There I was, standing in Disneyland’s Tomorrow Land just outside Space Mountain, holding my three year old son Wyatt in my arms watching the fireworks show at the end of a perfect day.
Our cheeks were pressed together as I listened to his sweet breath and felt his beating heart against mine. With every loud pop of the fireworks he clinched his arms around me a little tighter. Just precious.
At that moment I thought to myself, I better soak this up for all it’s worth because though it seems like time is standing still, I know this moment will be over before I know it. I thought, boy how I wish, in this instance, I could stop time.
Redeem The Time
However, I knew that obviously wasn’t possible. Time marches on, and no Cher, we can’t turn it back either. But I wasn’t going to let that moment slip by without a fight. I stepped outside of myself and took a mental and emotional snapshot that I will cherish for eternity.
You see, it’s true, we can’t stop time or turn it back, but – we can redeem it. The word redeem in this sense means: To gain or regain possession of (something) in exchange for payment.
The goal is to regain the time the world tries to suck from us by prioritizing and maximizing how we spend it. Instead of time controlling our lives we must control it. This sounds simple but it’s not easy.
So now that we’ve got that straight let’s ask the question, how do we actually redeem the time?
The answer is quite simple; we take charge of how we spend our time by prioritizing our time based on what’s important. Not what’s the most fun or instantly gratifying but only what’s supremely important.
Up until a few months ago I filled my time completely with worthwhile but not necessarily important activities. I ran from one activity to another pleasing everyone in my life because I could. I really hadn’t learned to say no but more importantly I didn’t want to say no.

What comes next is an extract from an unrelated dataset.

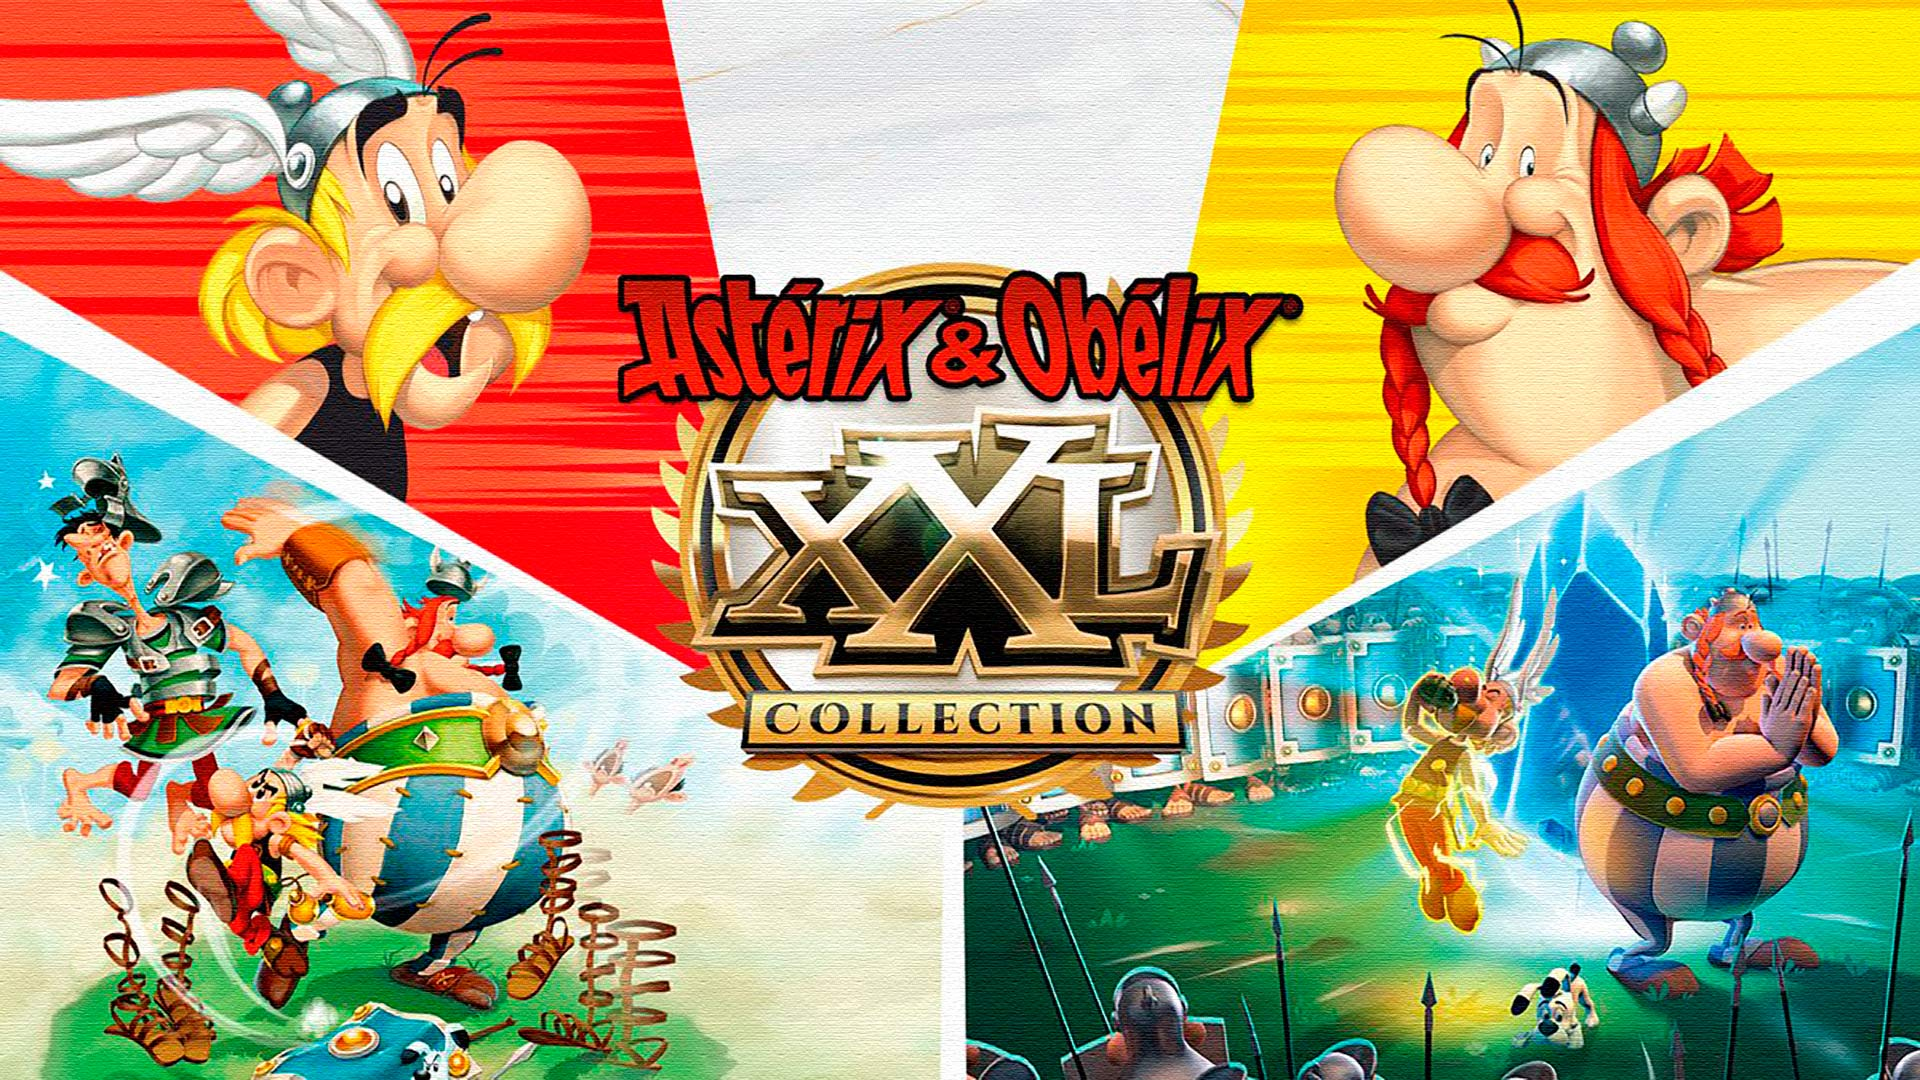 Asterix y Obelix XXL: Collection

I thought if I could contribute, I should.
What I found is that I was wearing myself thin and not being the best at what is most important to me. Now, what’s most important to me is not necessarily what’s most important to you, though I’m sure we’ll share some commonalities.
My top priority is growing in my faith through study, fellowship, quiet time and practical application. This aspect of my life also extends to teaching my faith to my children so that one day they will make it their own.
Next on my list is quality time with my family whether going to the beach, playing catch, riding bikes or doing household chores. I realize that my children are growing up fast and they’re counting on me to invest in their lives now and to also equip them for adulthood.
Like most of the modern workforce I work more than the traditional 40 hours per week. However, I like what I do and most of the time it doesn’t seem like work. Sometimes I work late, weekends or take the occasional business trip. Nothing wrong with that. Just as long as my job doesn’t become my life. If it does, then I’ve got it backwards.
On that note, I’ll even go as far as to say that if we spend more time with our co-workers than our family we should find another way to earn a living. Yes this may translate into less income but again let’s remember the theme of this post; maximizing our time is the most important thing we can do for ourselves and our loved ones. We only get one life. And when we’re drawing our last breath I doubt any of us will be reminiscing about all the wonderful business trips we took.
Next I’ll address my responsibilities at church and in my community. I understand that I have an ecclesiastical duty to my church family and a civic duty to the community in which I live. But instead of being all things to all people I now only contribute what only I can contribute.
In other words, if someone else can contribute in an specific area, I’m okay with not contributing – even if I’m able. I’ve learned to limit my contribution in non-family activities. This has been a good thing. When my children are grown maybe then I can put a few more things back on my plate.
Just Say No
I say no most of the time to…
- Golf outings
- Boy’s nights out
- Excessive exercise
- Trivial semi-competitive games (Including video games – don’t get me started)
- Road trips without the family
- Many unknown activities that will come to me later but not in time for this post
You Can Do It!
I think you get the picture. Now, do this for yourself.
Prioritize your time without delay and I promise you will not regret it. You might even be thankful many years from now when you think of all the wonderful moments you created because you said yes to what was most important and no to what wasn’t.
What do you think? Possible, not possible? What moment in your life do you wish you had the power to push the pause button?